The following settings are available for the parallelism framework.

mode Parallelism:numThreads (default = 0; minimum = 0)
Number of threads to run in parallel. If set to 0, the number of threads will be estimated using std::thread::hardware_concurrency; if the program is unable to determine the number of threads this way, initialization will fail.

mvec Parallelism:seeds (default = {})
The seeds to use for each Pythia object. If empty, Random:seed will be used, incrementing the seed by 1 for each object. If non-empty, it must have a number of entries equal to Parallelism:numThreads.

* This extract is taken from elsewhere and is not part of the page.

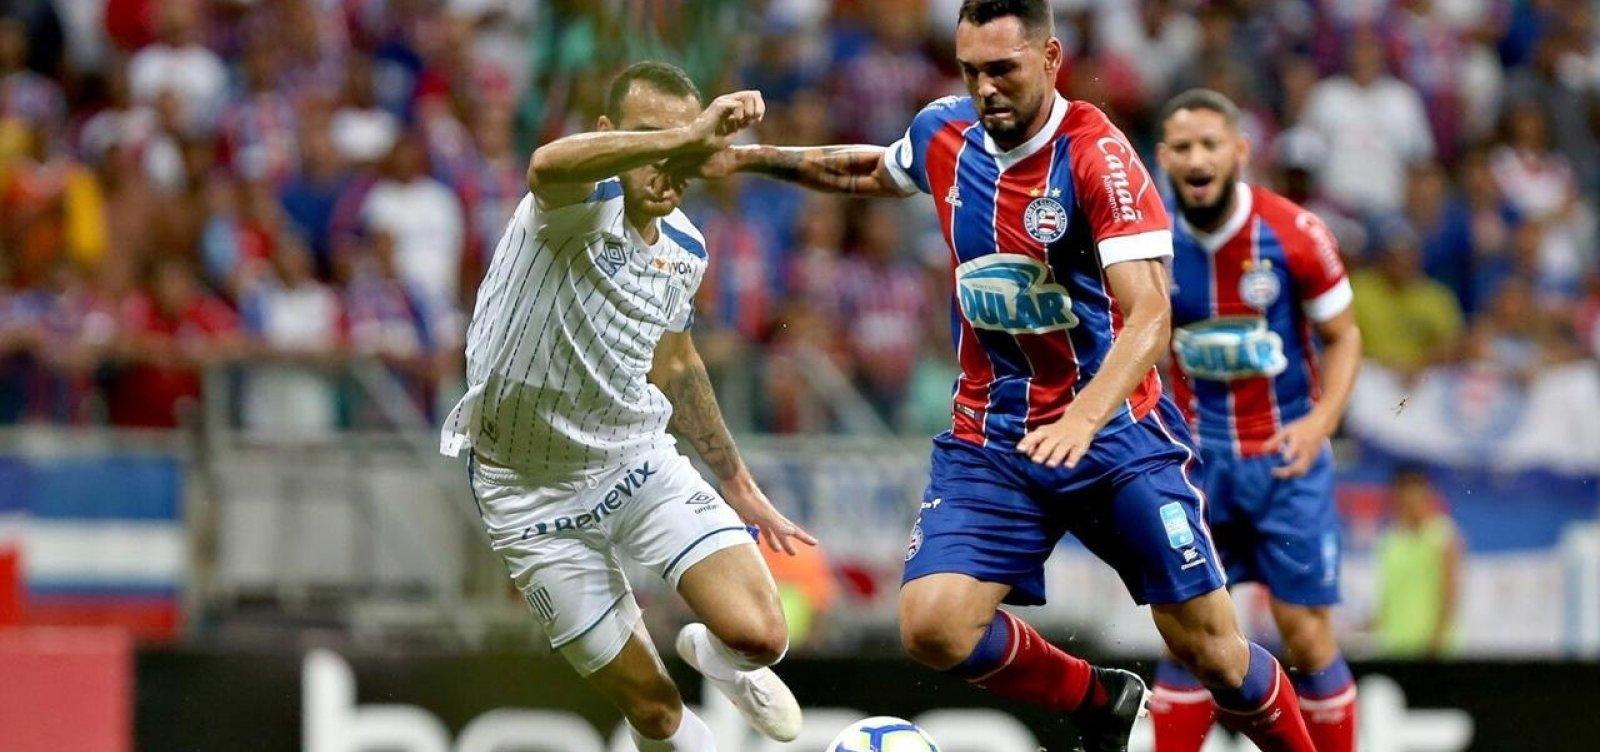 Bahia vence Avaí por 1 a 0 na Arena Fonte Nova
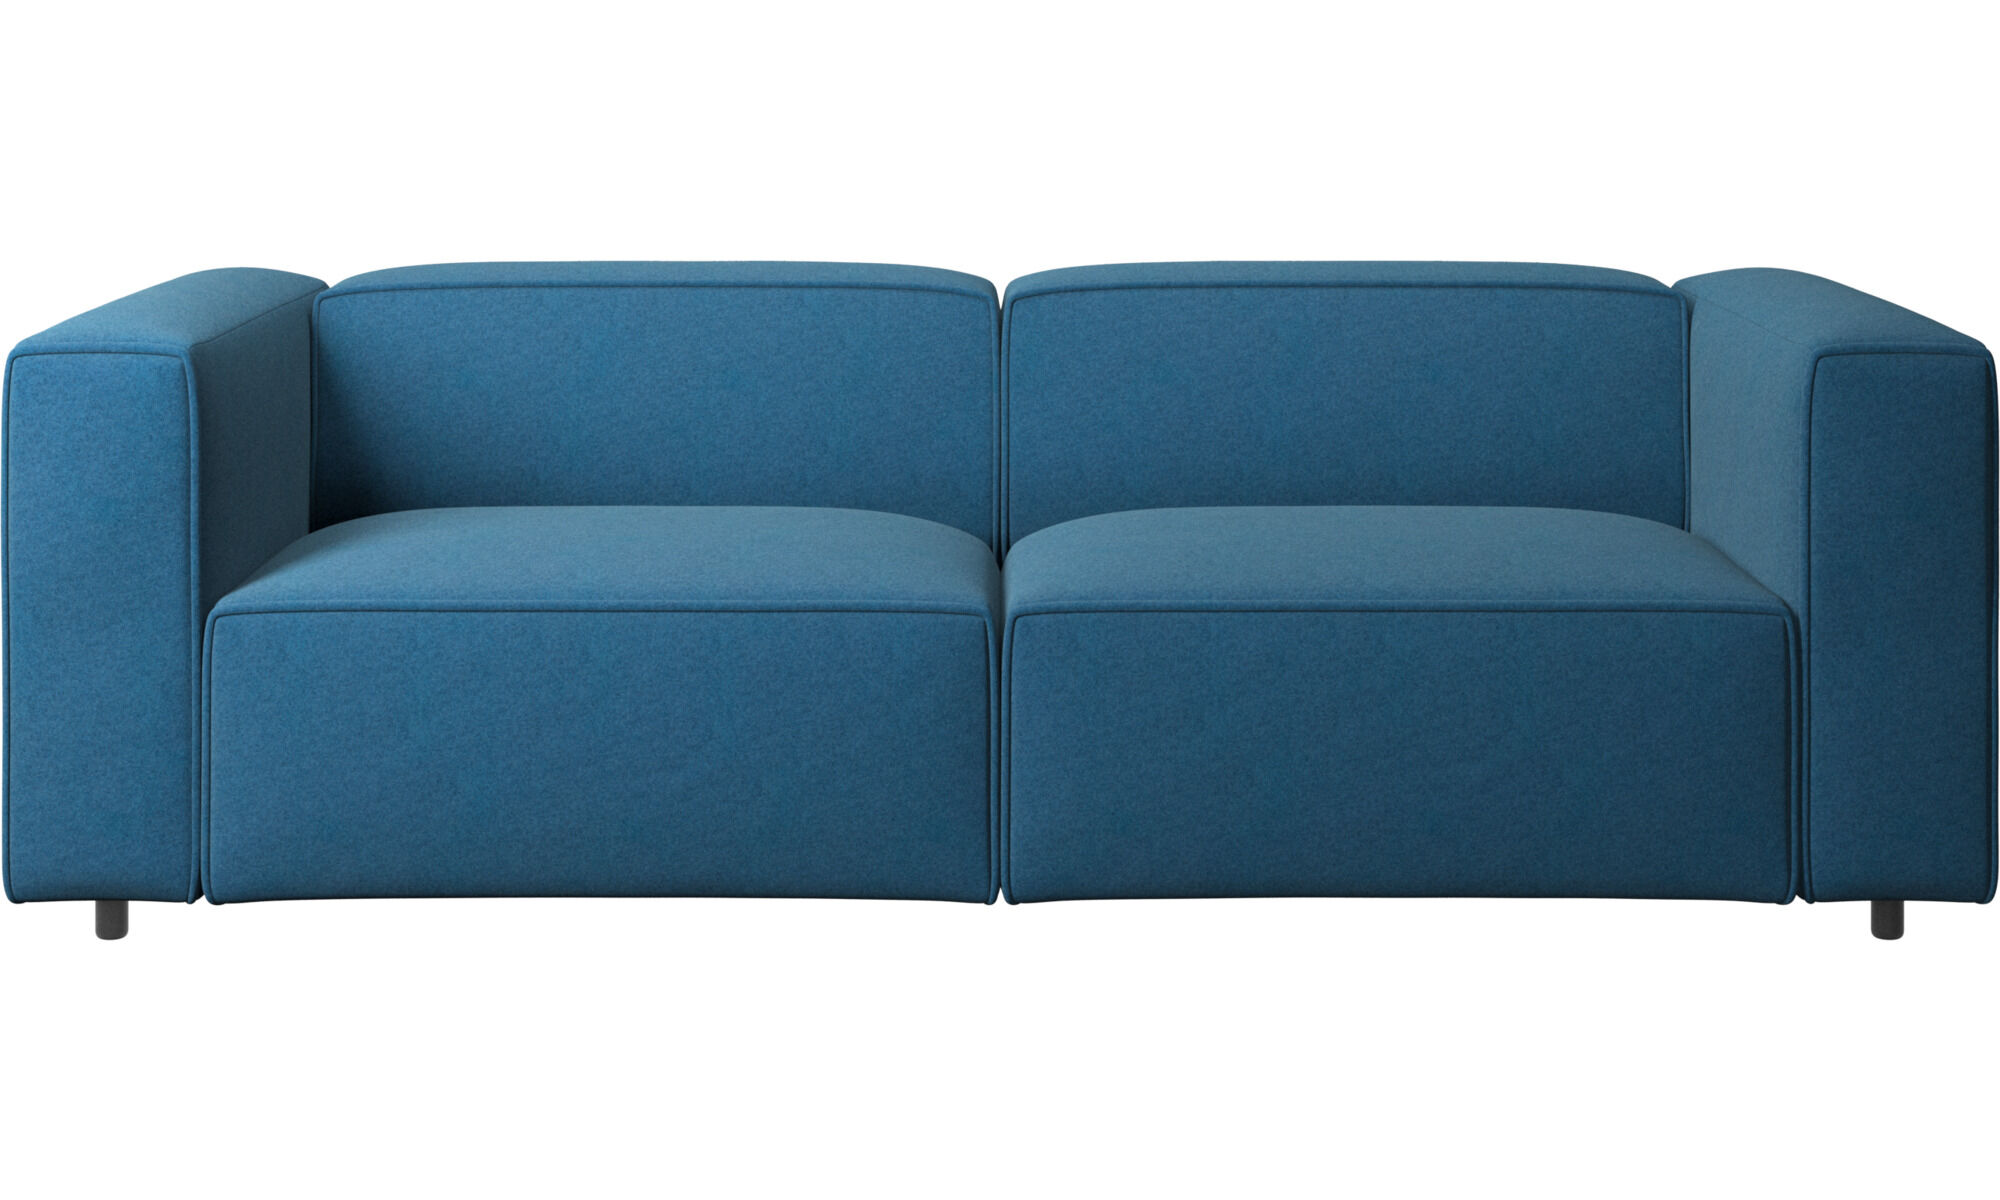 Merveilleux 2.5 Seater Sofas   Carmo Sofa   Blue   Fabric ...

flag Parallelism:processAsync (default = off)
By default, PythiaParallel::run will generate events in parallel, which are then processed serially. The advantage of this serial kind of processing is that it prevents race conditions, which can occur for example if two threads are trying to simultaneously write to the same histogram. Normally, event generation is far more time-consuming than analysis, and the time loss from processing in serial is completely negligible. However, there are situations where the analysis takes a non-negligible amount of time compared to event generation. In such scenarios, the user may enable parallel processing of the analysis by setting Parallelism:processAsync = on. In this case, the user is responsible for preventing race conditions, possibly by using mutex and lock_guard objects. An example of how this can be done is shown in main163.cc.

flag Parallelism:doNext (default = on)
By default, PythiaParallel generates events, then passes the Pythia object to the callback function. If this flag is turned off, the event is not automatically generated before calling the callback, so that the user is responsible for calling Pythia::next. This can be useful for example if you want to change the energy on an event-by-event basis, or otherwise want to do checks at the beginning of the event loop before performing the actual generation. If this flag is off, you must also set Parallelism:processAsync = on. If it is off,

mode Parallelism:index (default = -1)
When a Pythia instance is passed to the callback function in PythiaParallel::run, this setting will contain an index that is unique to each instance, starting at 0 for the first instance. This index is particularly useful if Parallelism:processAsync = on. For example if each instance writes to different histograms, this index can be used to specify which histogram to write to. Note that the user should not write to this setting directly.

flag Parallelism:balanceLoad (default = on)
By default, the event generation is divided evenly between the Pythia instances. This way, each instance will generate the same number of events each run with their respective seeds, so that the final statistics will be exactly the same between runs (except events might be processed in a different order). By turning this flag off, instead each Pythia instance will generate events until the desired number has been generated. Thus, different runs might result in slightly different statistics, even with the exact same input settings. The advantage of this is that it can be significantly more efficient if the event generation time can vary significantly (e.g. as it does in central vs. peripheral heavy ion collisions).